The surface energies calculated for Cu(111), (100) and (110) facets are reported in Table 3, where they are compared with previous computational and experimental work. It is noted for Cu that Tyson et al. report experimental surface energies at T = 0 K of 1.79 J m−2 and then 1.57 J m−2 at the melting temperature (T = 1357 K), i.e. a decrease in the surface energy with increasing temperature, in contrast to results for Pd (Table 2).

Table 3 The surface energy (J m−2) of Cu(111), (100) and (110) surface facets, as calculated with different density functionals. Results from the present study are given in bold
DF Facet
(111) (100) (110) (111)/(100) (111)/(100)
a The value were calculated using linear regression for a set of slabs with different thicknesses.
PBE 1.37 1.51 1.58 0.91 0.87
Da silva2et al. 1.41
Da silva60et al. 1.32 1.48 1.59 0.76 0.83
Patra et al.14 1.36 1.79 1.61 0.91 0.84
Tran et al.10 1.34 1.47 1.56 0.90 0.86
Janthon et al.57 1.31
1.30 ± 0.11a
PBE+TS 2.57 2.72 2.77 0.94 0.93
PBE+MBD-NL 1.80 1.93 1.99 0.93 0.90
TPSS 1.60 1.77 1.93 0.90 0.83
SCAN 1.58 1.78 1.90 0.93 0.83
Patra et al.14 1.49 1.71 1.84 0.87 0.80
revSCAN 1.75 1.93 2.02 0.90 0.67
mBEEF 1.43 1.56 1.63 0.92 0.88
Experiment, Tyson et al.:
T = 0 K58 1.79
T = 1357 K3 1.57


For the GGA functionals, again PBE provides low surface energies, with 1.37, 1.51 and 1.58 J m−2 for the (111), (100) and (110) facets; these are marginally below the experimental values, also.
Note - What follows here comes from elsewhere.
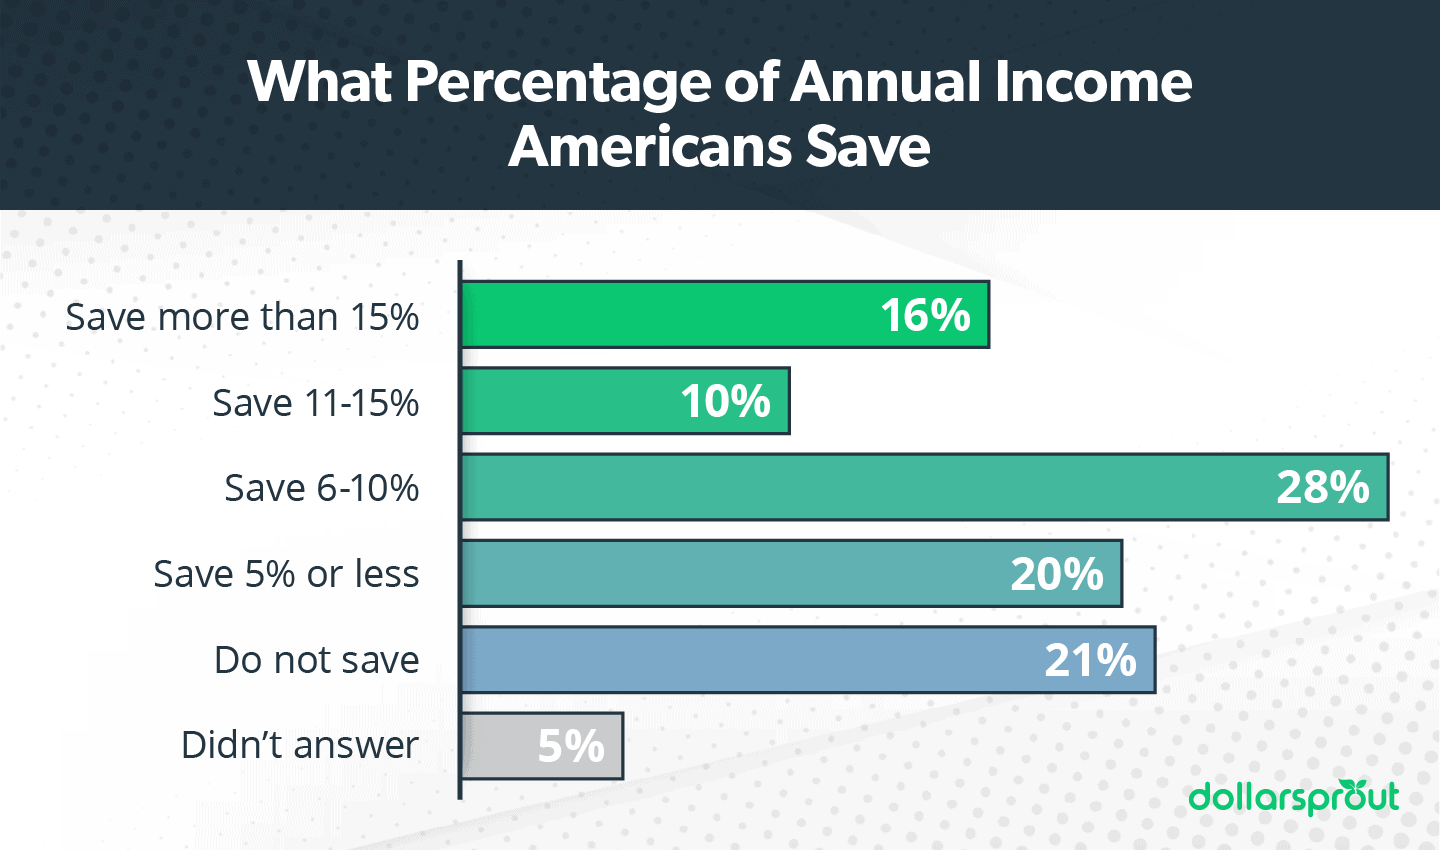 How much do Americans save

Inclusion of van der Waals correlation corrections, using the TS approach (PBE+TS), results in seemingly poor agreement with experiment, as the surface energies increase dramatically to 2.57, 2.72 and 2.77 J m−2 for the (111), (100) and (110) facets, respectively. For the meta-GGA DFs, SCAN and TPSS again give very similar results, as observed for Pd; mBEEF also gives relatively low surface energies, compared to contemporary meta-GGA methods, of 1.43, 1.56 and 1.63 J m−2 for (111), (100) and (110) facets, respectively; these are again similar to the PBE results. As a consequence, the average surface energy for the three facets obtained by PBE (1.49 J m−2) and mBEEF (1.54 J m−2) are similar, again being lower than the experimental results, while TPSS and SCAN give results closer to experiment. The average result for PBE+TS (2.68 J m−2) is anomalously large compared to experiment, and further investigation is warranted to understand the cause of this result.
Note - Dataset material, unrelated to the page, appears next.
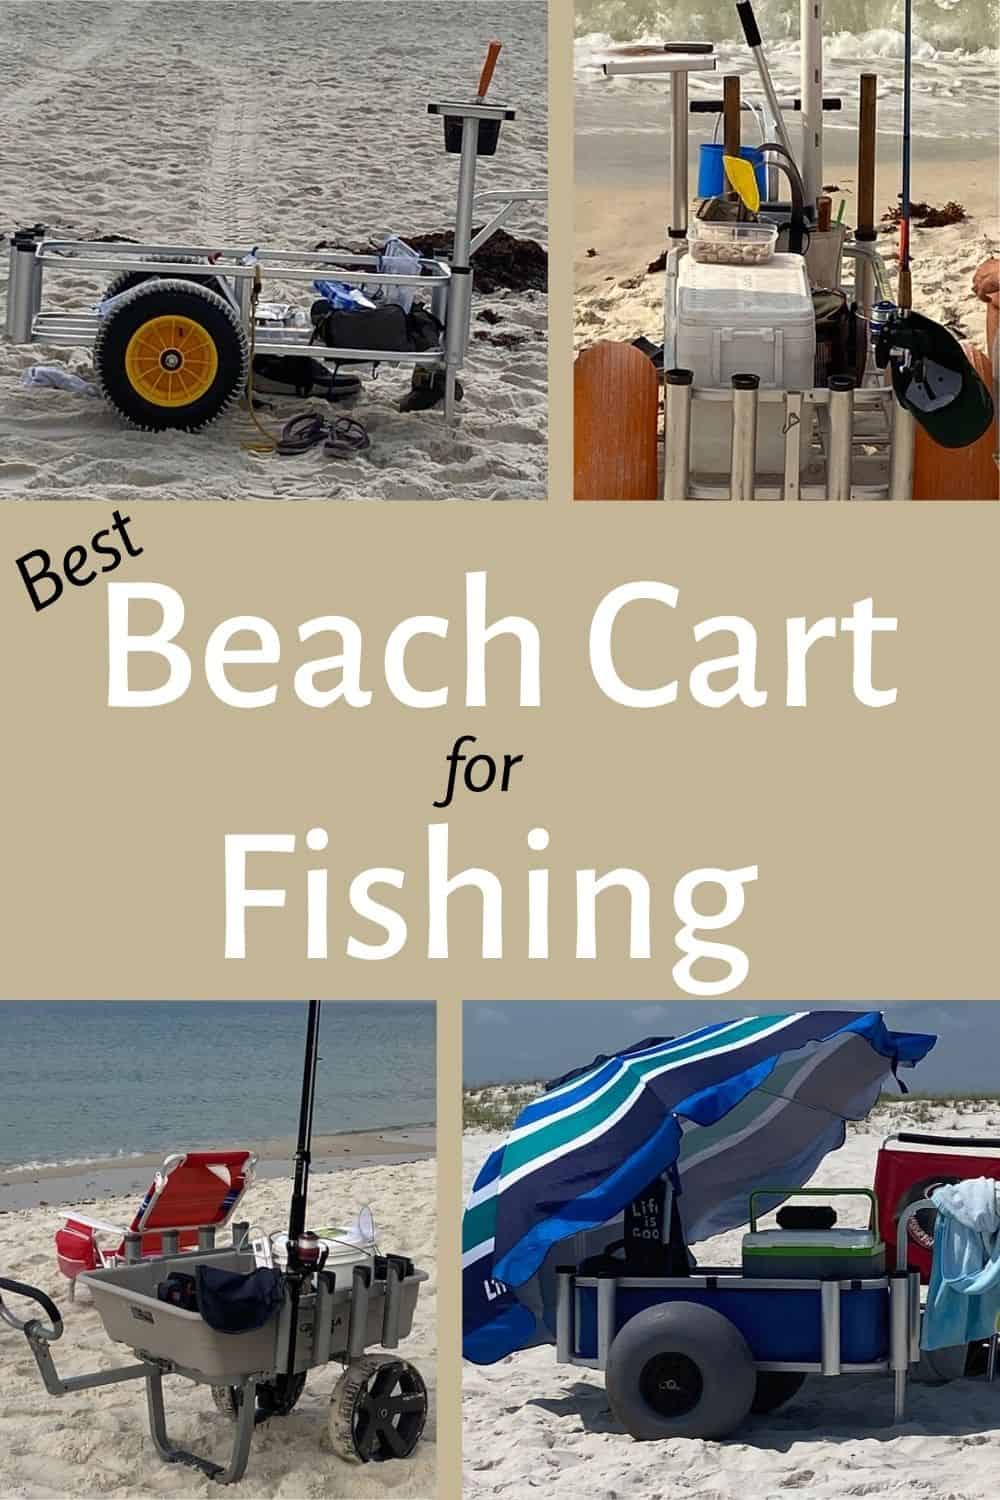 Best Fishing Cart - For Surf Fishing on Hard or Soft Sand

Previous measurement of the ratios for (111)/(100) surface energies for Cu facets are absent from the current literature; in the present work, the ratio of (111) to (100) surface energies is calculated to range from 0.88 (PBEsol) to 0.94 (PBE+TS). The (111)/(110) ratio has a similar range, from 0.82 to 0.94.

Table 4 reports the surface energies calculated for the (0001) and (10−10) facets of HCP Zn, together with computational work by Tran et al.10 and the experimental data of Tyson et al.3,58

Table 4 The surface energy (J m−2) of Zn(0001) and (10−10) surface facets, as calculated with different density functionals. Results from the present study are given in bold
DF Facet
(0001) (10−10) (0001)/(10−10)
PBE 0.32 0.97 0.33
Tran et al.10 0.33 0.53 0.62
PBE+TS 0.92 1.73 0.53
PBE+MBD-NL 0.49 1.22 0.40
TPSS 0.50 1.34 0.37
SCAN 0.44 1.19 0.37
revSCAN 0.06 1.30 0.04
mBEEF 0.24 1.17 0.20
Experiment, Tyson et al.
T = 0 K3 0.92
T = 692 K58 0.99


The Zn surface energies presented in Table 4 span a wide range of energies. revSCAN and PBEsol give the lowest surface energies for the (0001) facet, of just 0.06 J m−2 and 0.14 J m−2 respectively, while PBE+TS gives the highest value of 0.92 J m−2. All other DFs give surface energies for the (0001) facet between 0.24 J m−2 to 0.50 J m−2, seemingly well below the experimental results; the results obtained for the PBE DF are noted, however, to be in excellent agreement with the previous computations of Tran et al.10

The surface energies calculated for the (10−10) facet are much larger than the (0001) facet, with the lowest value obtained for PBE (0.99 J m−2) and a maximum for PBE+TS (1.73 J m−2). Interestingly, the (10−10) surface energy calculated here with PBE is much larger than that reported by Tran et al.,10 which we attribute to differences in nearest neighbour distances; in their work, the nearest neighbor separations are smaller than the experimental values. Overall, the surface energies of the (0001) facet are much lower than the (10−10) facet, though values calculated for the latter are noticeably closer to the experimental results.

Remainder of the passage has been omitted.